Sunday, April 1, 2012

My Second Language

My eldest daughter, Samantha had always this thing for languages, English, Spanish, French and Korean. She had always been a wide reader since she was a kid, a bookworm and she had lived with that title until now that when we had moved, my other kids and I had complained that most of her things were books that needed to be hauled because some were hardbound bought on sale .

( Sam's books  bought on sale or given as gifts. Picture credits to 

A few days ago we were talking about my second article that  just got posted on the online magazine which happen to be one of the shortest among my earliest posts. 

"I had a chat with one of my American  friends the other day. She told me that I write well considering English is not my first language. " Sam told me and I was not really surprised.

I grew up in a family where we watched mostly American shows and documentaries. My dad saw to it that we rarely watch Tagalog sitcoms and movies that sometimes would start an argument between my parents. My mom reasoned out that we are Filipinos and that we should learn to appreciate our own but my dad would jokingly reply that we should not patronize everything that is Filipino. He does not want us watching tearjerkers like "Flordeluna," "Gulong Ng Palad," and "Inday Badiday's" show about local  gossips and intrigues that we have to go to my Aunt's house just to watch them.  He even added that he would rather see us watching educational game shows , the Oscar Awards, The Grammys and other documentaries because we get to know a little bit of history in them. I could recall telling my dad that I was a having hard time understanding them obviously because my vocabulary was limited. Perhaps as a father he was quite amused how I honestly told him of my limitations when it comes to learning the English language still he encouraged me to continue watching these American shows by just picking out on the words and context of the sentences that I only undertsood.

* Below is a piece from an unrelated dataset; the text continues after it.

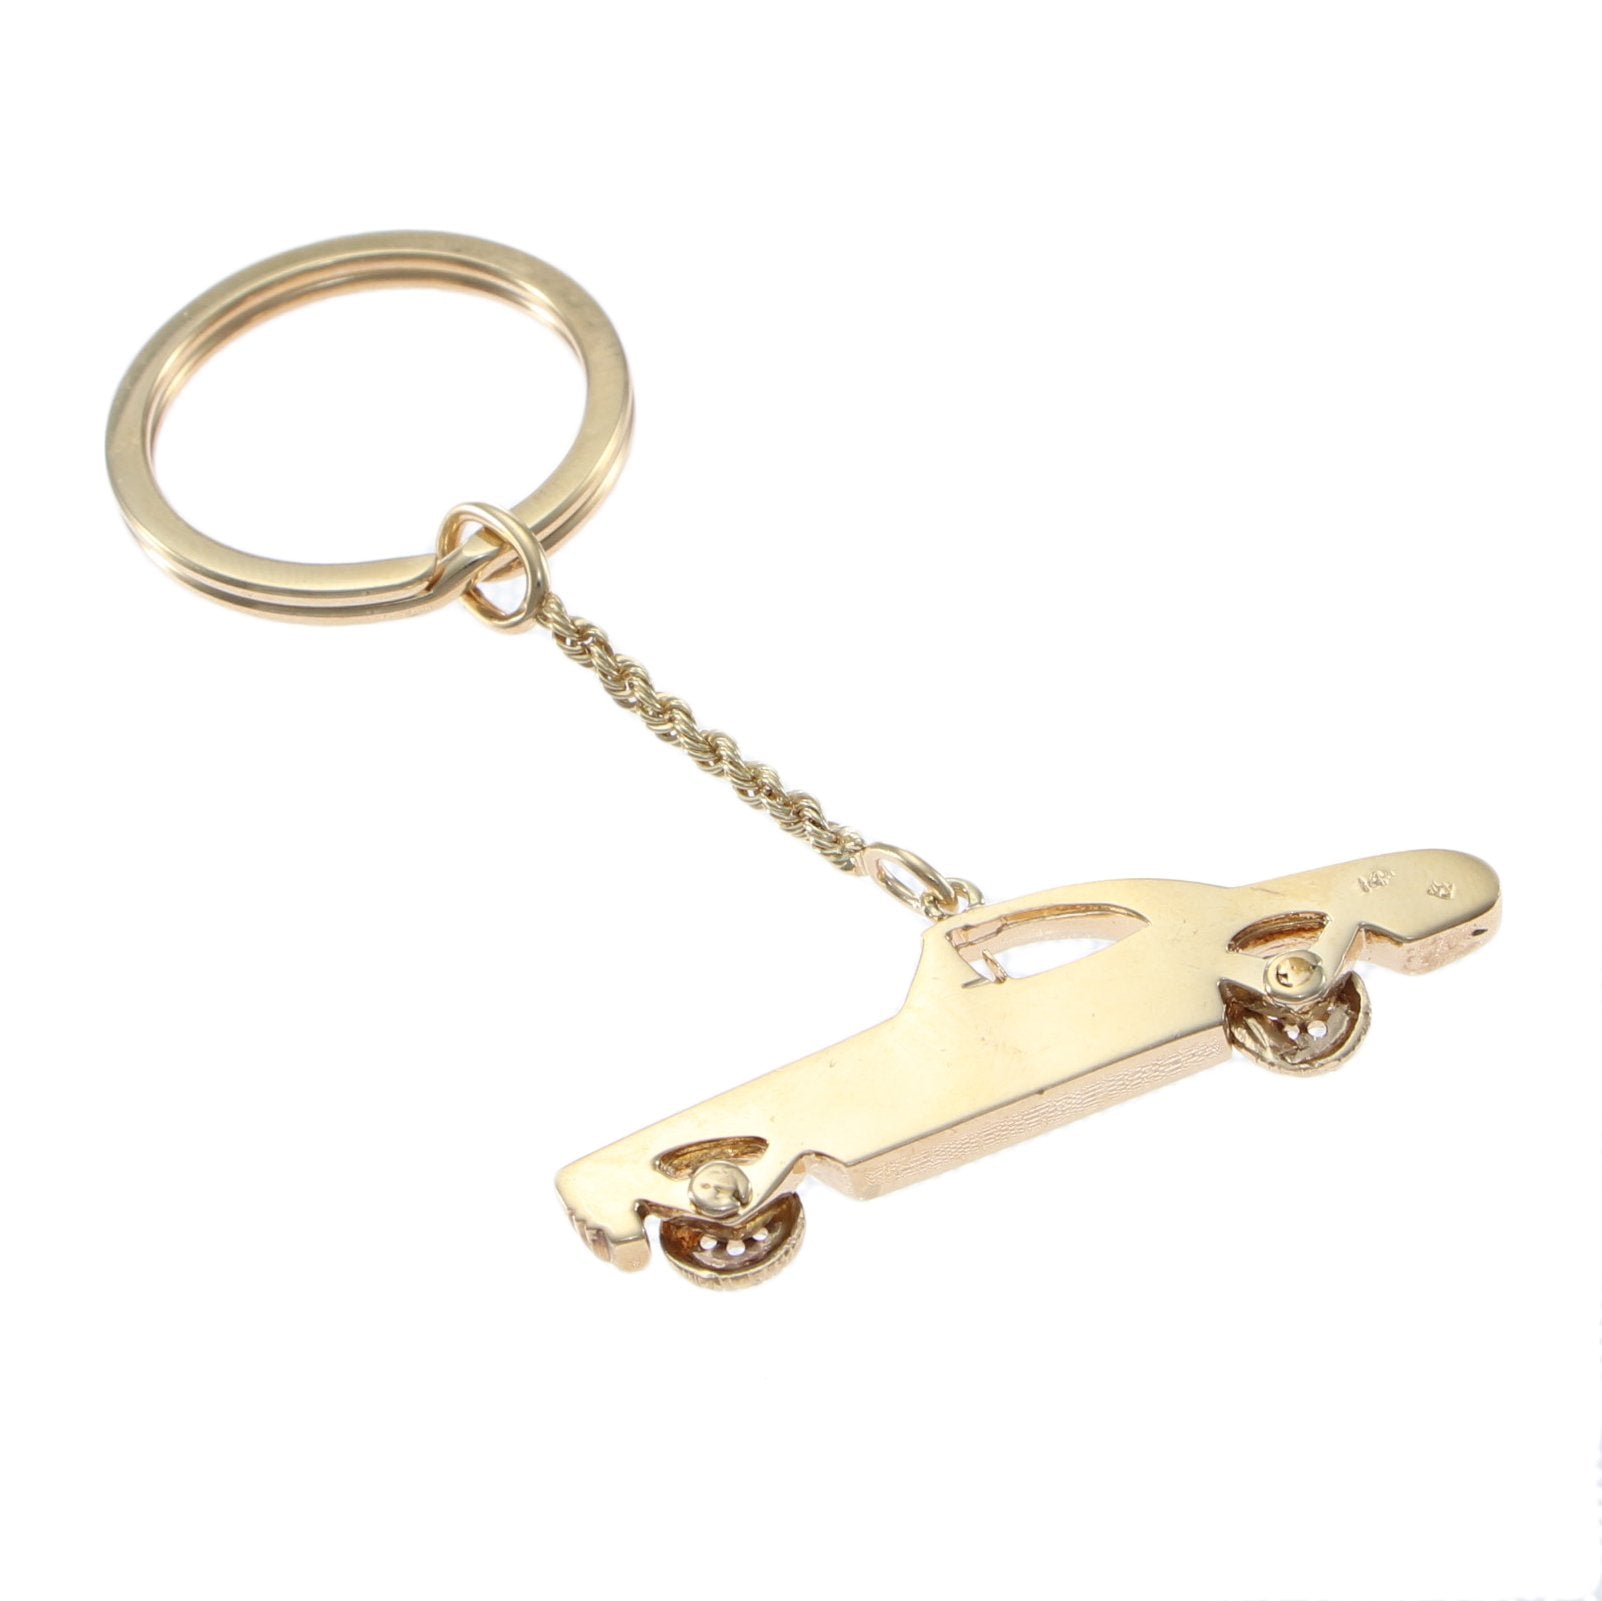 Buy Car Keychain Accessories with Key Ring & Anti-Lost D-Ring Key Chain  Holder Clip for Men and Women, ​Metal Keychain Car Fob Online - Shop  Automotive on Carrefour UAE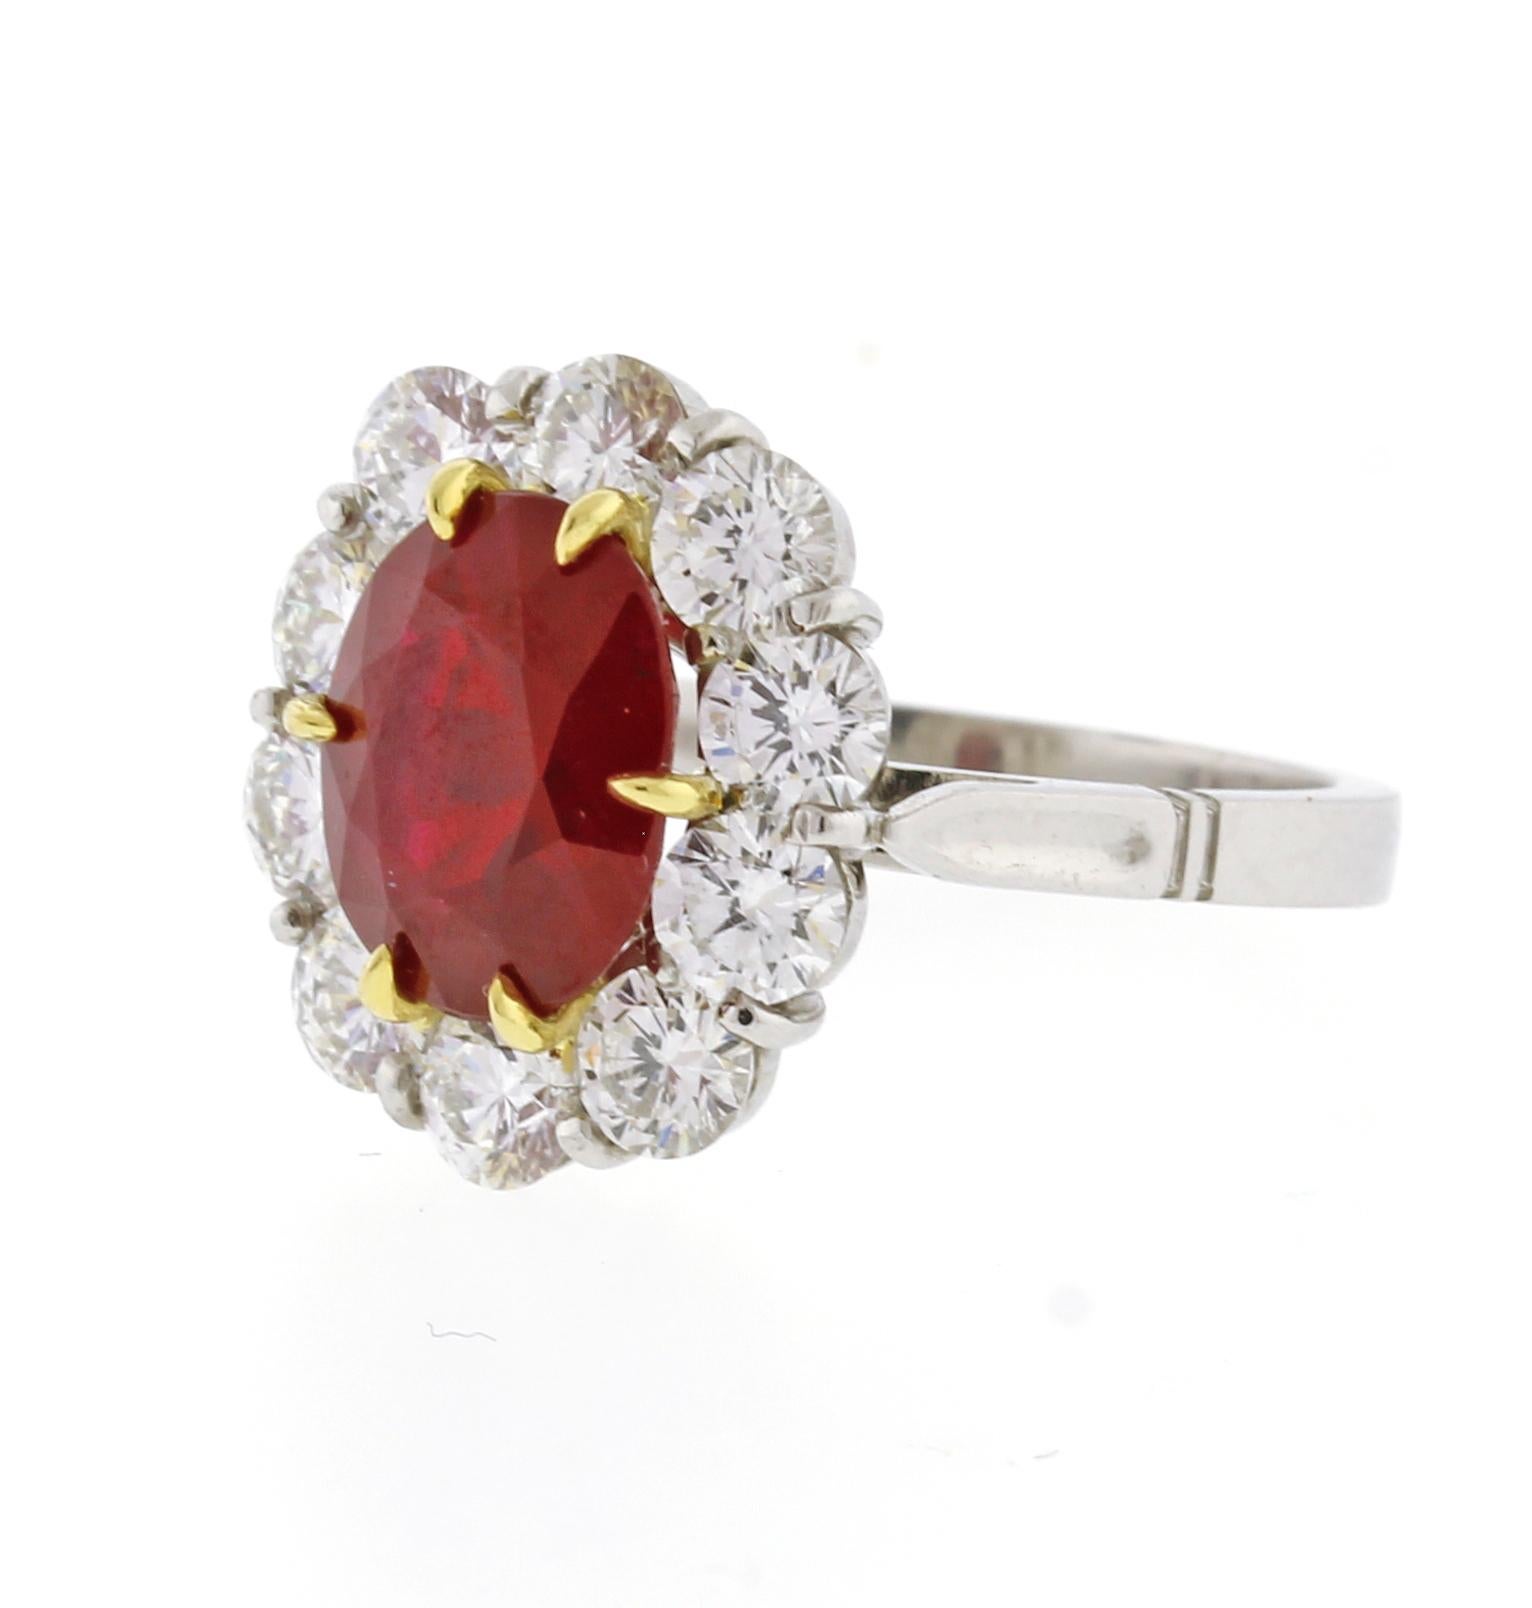 Oval Cut 3.11 Carat A.G.L Burma Ruby and Diamond Ring For Sale

"What if I understood  wrong? What then?" I was young and  afraid to hear feedback if I spoke in English and somebody would correct me afterwards. 

"Then you are learning. Just practice until you become better,"he said.

I could not remember a time when my siblings and I talked in English. Coming from a public school, I could recall  when we were not allowed to talk in our dialect so we could practice our English which was not followed diligently simply because it was hard. We sounded different due to our cultural accent  that sometimes when we ran out of words we just laughed  because we felt stupid trying to learn a language that was not our own.

So how did I learn to communicate well then, be it oral or written for that matter ? Allow me to share some of those tips.

1. Never stop reading. You do not have be a total bookworm like my daughter, but if you are then that is just fine. Have the time to  read even short posts, quotations , articles , print advertisements. Even comic  or music magazines will help. You do not have to buy new ones . My kids and I are fans of book sales that when I take them out for a treat, I let them choose books or magazines that cost as low as ten pesos. The idea is to read and learn new words, sentences and phrases.

2. Start watching American shows and movies. Choose family and kid friendly ones either animated or not. The plots, the twists and turns plus the story's dialogue are great topics for you and your kids to start a short discussion  even after you had  watched them. You not only bond as a family but learn from each other as well.

3. Be open for opportunities. There are a lot of short courses where you can improve your communication skills, workshops where you can hone your talents. The internet has lots of venue for it just be careful on  what groups to join or the people you interact with. Choose a community where you can share your opinions  but still be mindful of basic courtesies.

When I had been a stay at home mom for 13 years, I thought I will not be able to work again. I am an undergrad and my chances of getting work so I could send my kids to school were very slim. But when there was a free call center training in our place I grabbed that opportunity and applied. I was discouraged because of my educational background but there was one interviewer who gave me that chance and encouraged me to take advantage of it. And the rest was what they all say, was history.

It took awhile for me to learn. But with every feedback, coaching and mentoring came humility, focus and understanding. It may have not been easy but the rewards were tenfold. Now after six years of hard work most of my clients over the phone would know that I am not an American but would commend that the clarity and spontaneity of how I communicate could be mistaken from that of another country, of another culture.  In which I am grateful but would admit to them that I have never been to any other country other than my own.

It is true that English is my second language. It may had helped me tremendously to be financially independent and creatively share my true self.

But it also helped me realized that our world is not really that big for me to forget where I originally came from. 



  1. Hi Sarah.. I enjoyed this article. I cant imagine how difficult it is to learn another language. I took Spanish in high school but couldn't understand it well enough to learn. Great job!!

    Thank you for sharing this story...

  2. I would love to learn new languages. Was never much of a french student in school (being a kid lol), but now see the value of having this knowledge. Great advice for others in the same position!
    thanks for stopping by my blog.

  3. What an encouraging post! Learning a second language is so difficult. Good for you!